=== Supplied records ===

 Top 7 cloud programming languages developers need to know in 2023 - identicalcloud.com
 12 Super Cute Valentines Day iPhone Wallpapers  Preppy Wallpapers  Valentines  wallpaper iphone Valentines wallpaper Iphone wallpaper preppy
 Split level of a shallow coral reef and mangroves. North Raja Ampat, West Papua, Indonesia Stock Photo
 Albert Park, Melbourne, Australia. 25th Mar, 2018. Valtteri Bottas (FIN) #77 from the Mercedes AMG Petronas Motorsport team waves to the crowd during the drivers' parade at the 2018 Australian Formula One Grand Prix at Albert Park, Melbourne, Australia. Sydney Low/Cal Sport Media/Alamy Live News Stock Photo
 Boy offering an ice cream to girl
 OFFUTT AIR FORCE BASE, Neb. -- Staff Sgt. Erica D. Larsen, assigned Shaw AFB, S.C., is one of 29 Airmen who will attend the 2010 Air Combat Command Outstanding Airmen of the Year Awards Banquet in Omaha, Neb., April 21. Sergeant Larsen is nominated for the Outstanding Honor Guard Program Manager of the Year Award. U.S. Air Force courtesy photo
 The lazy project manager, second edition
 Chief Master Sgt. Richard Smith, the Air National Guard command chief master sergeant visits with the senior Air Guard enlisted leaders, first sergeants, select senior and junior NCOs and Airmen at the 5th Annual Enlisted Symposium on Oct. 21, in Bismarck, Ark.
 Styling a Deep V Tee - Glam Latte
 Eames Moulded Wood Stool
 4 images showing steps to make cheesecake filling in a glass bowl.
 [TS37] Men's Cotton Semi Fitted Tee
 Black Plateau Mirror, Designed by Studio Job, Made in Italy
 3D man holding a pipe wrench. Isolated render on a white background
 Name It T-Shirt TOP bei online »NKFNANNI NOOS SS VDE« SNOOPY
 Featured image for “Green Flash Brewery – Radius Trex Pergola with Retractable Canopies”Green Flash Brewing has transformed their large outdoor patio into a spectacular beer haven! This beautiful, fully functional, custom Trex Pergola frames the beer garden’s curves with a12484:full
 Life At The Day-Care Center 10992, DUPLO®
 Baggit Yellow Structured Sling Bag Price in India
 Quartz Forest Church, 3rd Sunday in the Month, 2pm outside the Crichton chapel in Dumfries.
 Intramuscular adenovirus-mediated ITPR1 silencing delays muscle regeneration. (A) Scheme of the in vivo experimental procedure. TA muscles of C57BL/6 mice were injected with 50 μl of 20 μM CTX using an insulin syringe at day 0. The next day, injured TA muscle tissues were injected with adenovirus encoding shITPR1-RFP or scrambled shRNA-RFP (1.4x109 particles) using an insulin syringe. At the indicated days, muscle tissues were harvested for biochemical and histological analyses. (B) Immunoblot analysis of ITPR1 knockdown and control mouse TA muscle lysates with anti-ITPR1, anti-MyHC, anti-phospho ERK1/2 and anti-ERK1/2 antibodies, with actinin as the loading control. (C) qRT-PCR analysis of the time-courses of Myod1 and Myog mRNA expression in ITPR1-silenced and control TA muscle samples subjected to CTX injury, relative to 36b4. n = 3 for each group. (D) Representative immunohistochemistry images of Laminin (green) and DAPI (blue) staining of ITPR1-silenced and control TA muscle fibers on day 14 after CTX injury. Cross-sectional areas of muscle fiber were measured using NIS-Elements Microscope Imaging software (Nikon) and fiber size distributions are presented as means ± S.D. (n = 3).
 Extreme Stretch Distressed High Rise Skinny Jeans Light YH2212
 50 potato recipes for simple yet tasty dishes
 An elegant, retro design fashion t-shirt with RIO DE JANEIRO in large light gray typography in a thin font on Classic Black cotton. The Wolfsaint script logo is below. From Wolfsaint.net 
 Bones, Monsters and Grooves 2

===

:: Task ::
Your task is to restate, word for word, only those lines above that fall between the line holding "Chief Master Sgt." and the line holding "Name It T-Shirt", inclusive.

:: Response area ::
 Chief Master Sgt. Richard Smith, the Air National Guard command chief master sergeant visits with the senior Air Guard enlisted leaders, first sergeants, select senior and junior NCOs and Airmen at the 5th Annual Enlisted Symposium on Oct. 21, in Bismarck, Ark.
 Styling a Deep V Tee - Glam Latte
 Eames Moulded Wood Stool
 4 images showing steps to make cheesecake filling in a glass bowl.
 [TS37] Men's Cotton Semi Fitted Tee
 Black Plateau Mirror, Designed by Studio Job, Made in Italy
 3D man holding a pipe wrench. Isolated render on a white background
 Name It T-Shirt TOP bei online »NKFNANNI NOOS SS VDE« SNOOPY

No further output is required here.